I spent most of my holidays sewing.... I finally finished the red flannel shift dress from a pattern I drafted at at workshop at Westhope College. I have no decent photos... because it's Wales in winter. It never got light, and I lack the selfie magic!
All through the holidays people were opening their 12 Days of Christmas parcels. It was such good fn to open a parcel every day that we're doing it all again for the Tour de France... so if you missed out on a 12 Days of Christmas parcel, maybe you can join us for this project.
I also got out and about nearly every day during the holidays. We explored new places, and did quite a bit of geocaching.
On a dyeing front, I've been back at work for a few days now. Nearly everything that I sold out over the holiday has been restocked, and the first hand dyed fibre of 2019 is drying as I type. Look out for a shop update in the next couple of days.
The latest edition of Ply Magazine has been one of their most successful so far... it's all about socks. So the next couple of updates will have a bit of a sock focus in case you fancy trying out some of the techniques. I stock 3 different sock- specific blends. Pure Southdown for those who like the all-natural option, Superwash BFL & Ramie for those who want to machine wash and have improved resistance to felting but don't want nylon, or Superwash Cheviot, Silk & Nylon which is my personal ultimate sock yarn; machine washable, with nylon so I don't wear a hole in 2 months. Sound intriguing? You can buy copies direct from Ply (including a digital edition, or there are numerous world-wide stockists.
Over the next couple of months I'll be visiting a couple of guilds. I'll be at East Sussex Guild on 19th January giving a talk, and will also have some fibres with me. I'll also be at Devon Guild on 9th February, talking about dyeing techniques, and will have the shop with me again. Visitors will be made very welcome so if you're in the area please come along.

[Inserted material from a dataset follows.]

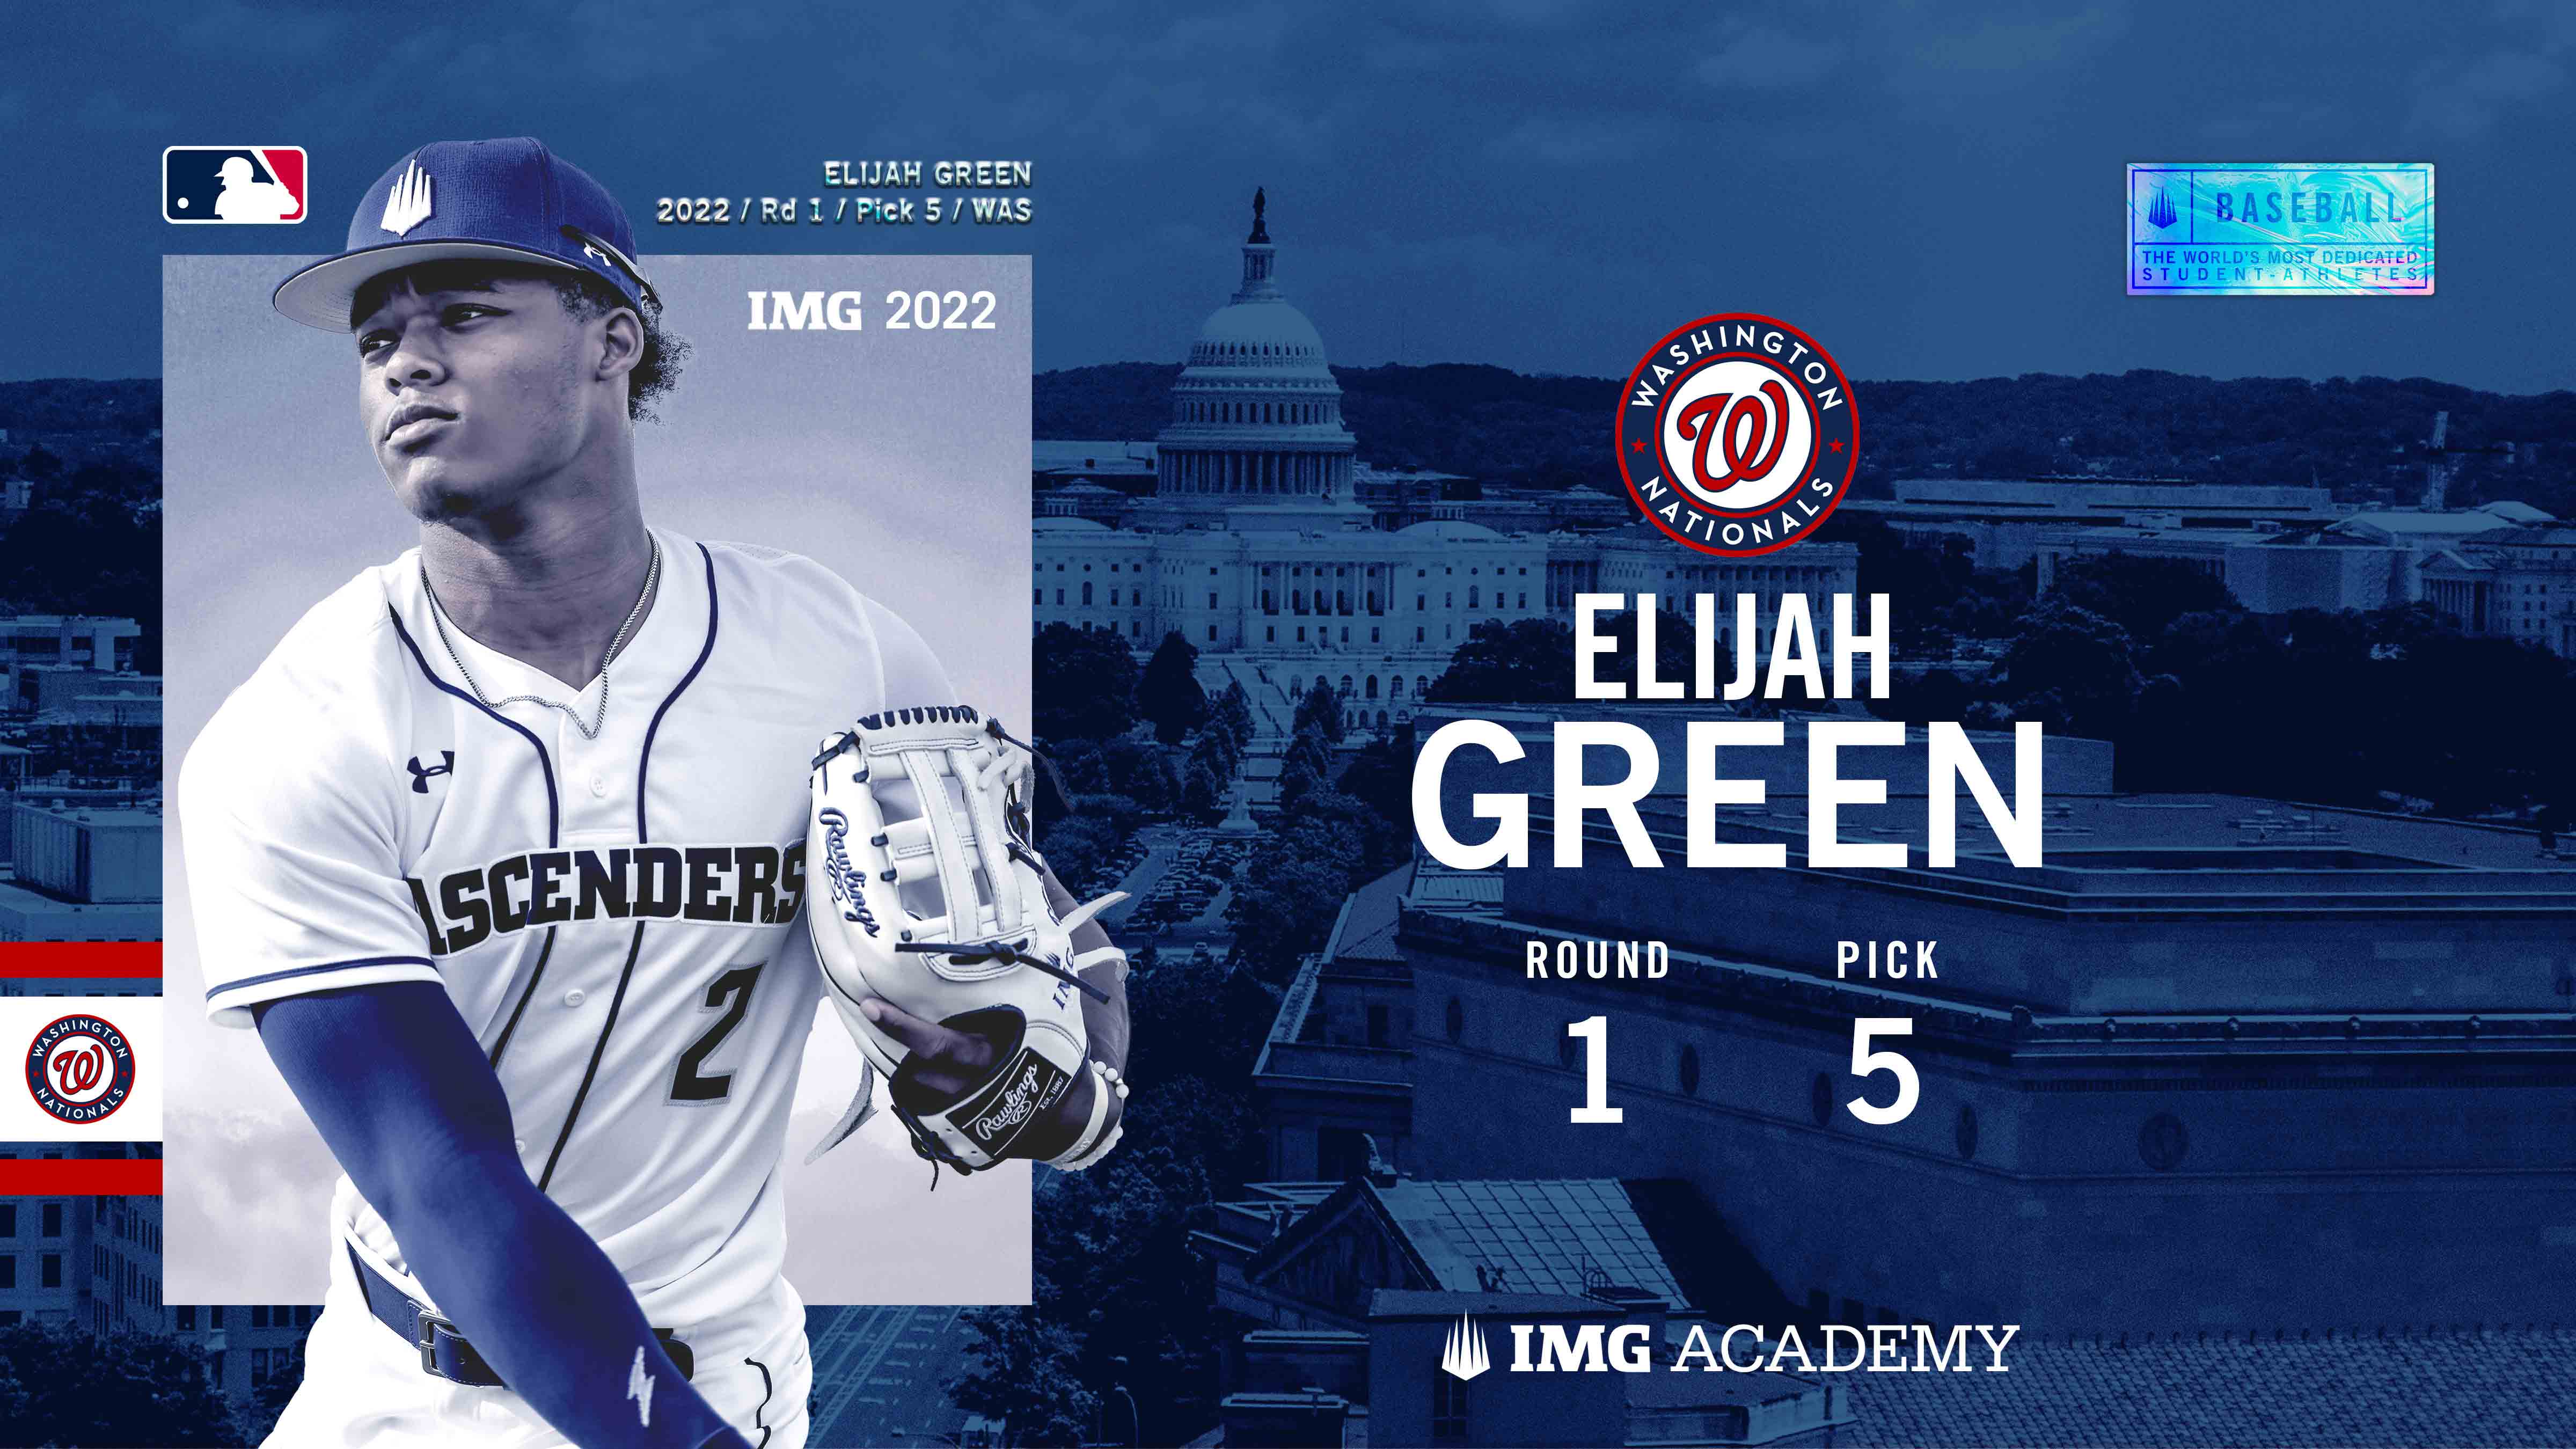 Four IMG Academy Student-Athletes Selected in 2022 MLB Draft

So far I'm managing to stock pretty well to my resolution of rounding up all the things that have been happening in the valley over the past month. Maybe this is the secret to New Years Resolutions, don't make them at New Year.
Of course this post is a bit later than usual, but that's because I took my holiday for the year up on the Northumbrian Coast. It was beautiful, and windy, and just what was needed. As usual I'll be working pretty much up until Christmas, and then taking some time off over Christmas New Year to spend time with family, do lots of cooking, and mess around with some non-Hilltop Cloud projects.

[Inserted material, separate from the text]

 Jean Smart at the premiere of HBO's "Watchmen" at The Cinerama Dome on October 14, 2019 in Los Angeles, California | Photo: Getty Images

As we're talking about Christmas, here are the dates by which you need to place your orders-
Wed 5th Dec; Cyprus, Malta, Asia, Far East, Eastern Europe, Caribbean, Central and South America
Sun 9th Dec; Greece, Turkey, Australia, New Zealand
Wed 12th Dec; Canada, Czech Rep, Italy, Poland, USA, Finland, Sweden
Sun 16th Dec; Rest of Europe, Iceland, Norway, Switzerland, UK
Parcels will be going out as normal throughout the holiday period, on Monday and Thursday mornings, and I plan on sending both clubs out before Christmas.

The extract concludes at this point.